记一次newApiHadoopRdd查询数据不一致问题

现象：

+----------+-------+--------+-----+-----+-----+----+----+------+---------+-------+--------+--------+------------+
|totalCount|January|February|March|April| May|June|July|August|September|October|November|December|totalMileage|
+----------+-------+--------+-----+-----+-----+----+----+------+---------+-------+--------+--------+------------+
| 33808| 0| 0| 0| 0|33798| 0| 0| 0| 0| 0| 0| 0| 79995.0|
+----------+-------+--------+-----+-----+-----+----+----+------+---------+-------+--------+--------+------------+

当前表预分区10个

按照当月数据看，当前测试表中总数量是：33798

hbase的总数量也是：33798

神奇的地方：使用sparkSQL对接hbase查询的数量是：33808

当时的sql语句是：select count(1) from orderData

很神奇，因为通过sql查询后，总数据多了10条

============================================================

原因：

这里设置了hbase SCAN_BATCHSIZE这个值，会设置scan的batchsize。这个设置的文档是这样说的：

Set the maximum number of values to return for each call to next()

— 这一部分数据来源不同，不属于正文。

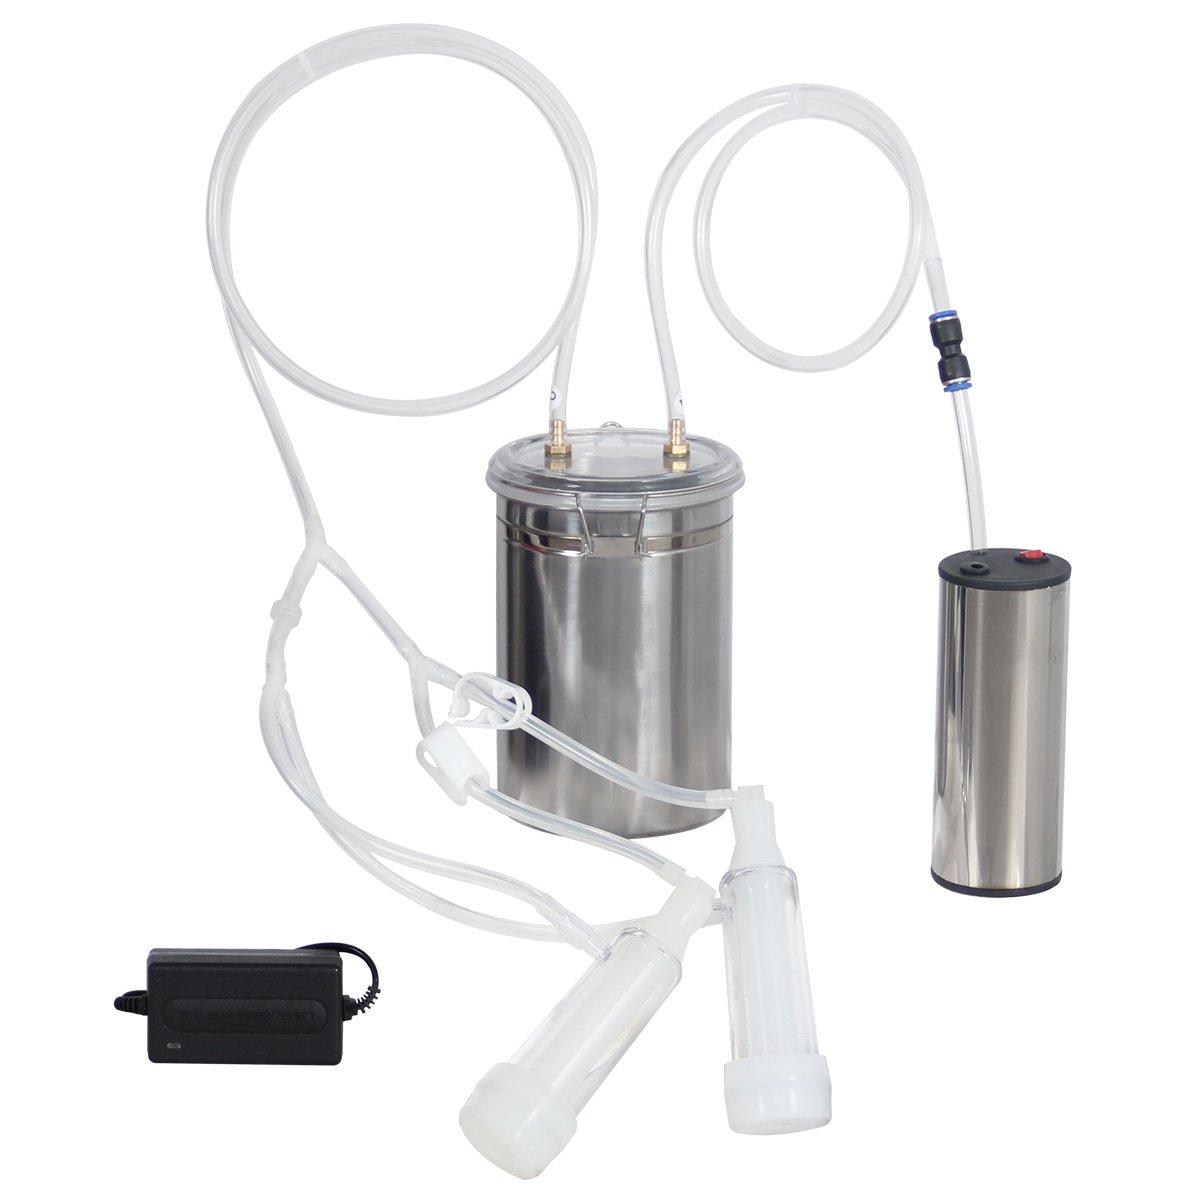 2L 0.4 Gal Goat Milker Electric Sheep Goat Milking Machine Stainless Steel Safe Food Grade Traden

之前一直以为这里是设置一次读取多少行，其实values貌似是读取多少列，并且开启了这个值会导致hbase scan时返回一行的部分结果；

于是将这个设置注释掉，程序即可正常运行

进一步的，我们从hbase端代码看看这个设置。hbase的scan会两个成员变量：

private boolean allowPartialResults = false;
private int batch = -1;

allowPartialResult这个很明显就是会返回部分结果的设置，那么这个batch呢？setBatch()时并不会设置allowPartialResult。但是在Scan的getResultsToAddToCache()函数中，如果batch值大于0，会设置isBatch=true。之后会有这段代码：

// If the caller has indicated in their scan that they are okay with seeing partial results,
// then simply add all results to the list. Note that since scan batching also returns results
// for a row in pieces we treat batch being set as equivalent to allowing partials. The
// implication of treating batching as equivalent to partial results is that it is possible
// the caller will receive a result back where the number of cells in the result is less than
// the batch size even though it may not be the last group of cells for that row.
    if (allowPartials || isBatchSet) {
      addResultsToList(resultsToAddToCache, resultsFromServer, 0,
          (null == resultsFromServer ? 0 : resultsFromServer.length));
      return resultsToAddToCache;
    }

之前错误代码：

TableInputFormat.SCAN_BATCHSIZE

lazy val buildScan = {

    val hbaseConf = HBaseConfiguration.create()
    hbaseConf.set("hbase.zookeeper.quorum", GlobalConfigUtils.hbaseQuorem)
    hbaseConf.set(TableInputFormat.INPUT_TABLE, hbaseTableName)
    hbaseConf.set(TableInputFormat.SCAN_COLUMNS, queryColumns)
    hbaseConf.set(TableInputFormat.SCAN_ROW_START, startRowKey)
    hbaseConf.set(TableInputFormat.SCAN_ROW_STOP, endRowKey)
    hbaseConf.set(TableInputFormat.SCAN_BATCHSIZE , "10000")//TODO 此处导致查询数据不一致
    hbaseConf.set(TableInputFormat.SCAN_CACHEDROWS , "10000")
    hbaseConf.set(TableInputFormat.SHUFFLE_MAPS , "1000")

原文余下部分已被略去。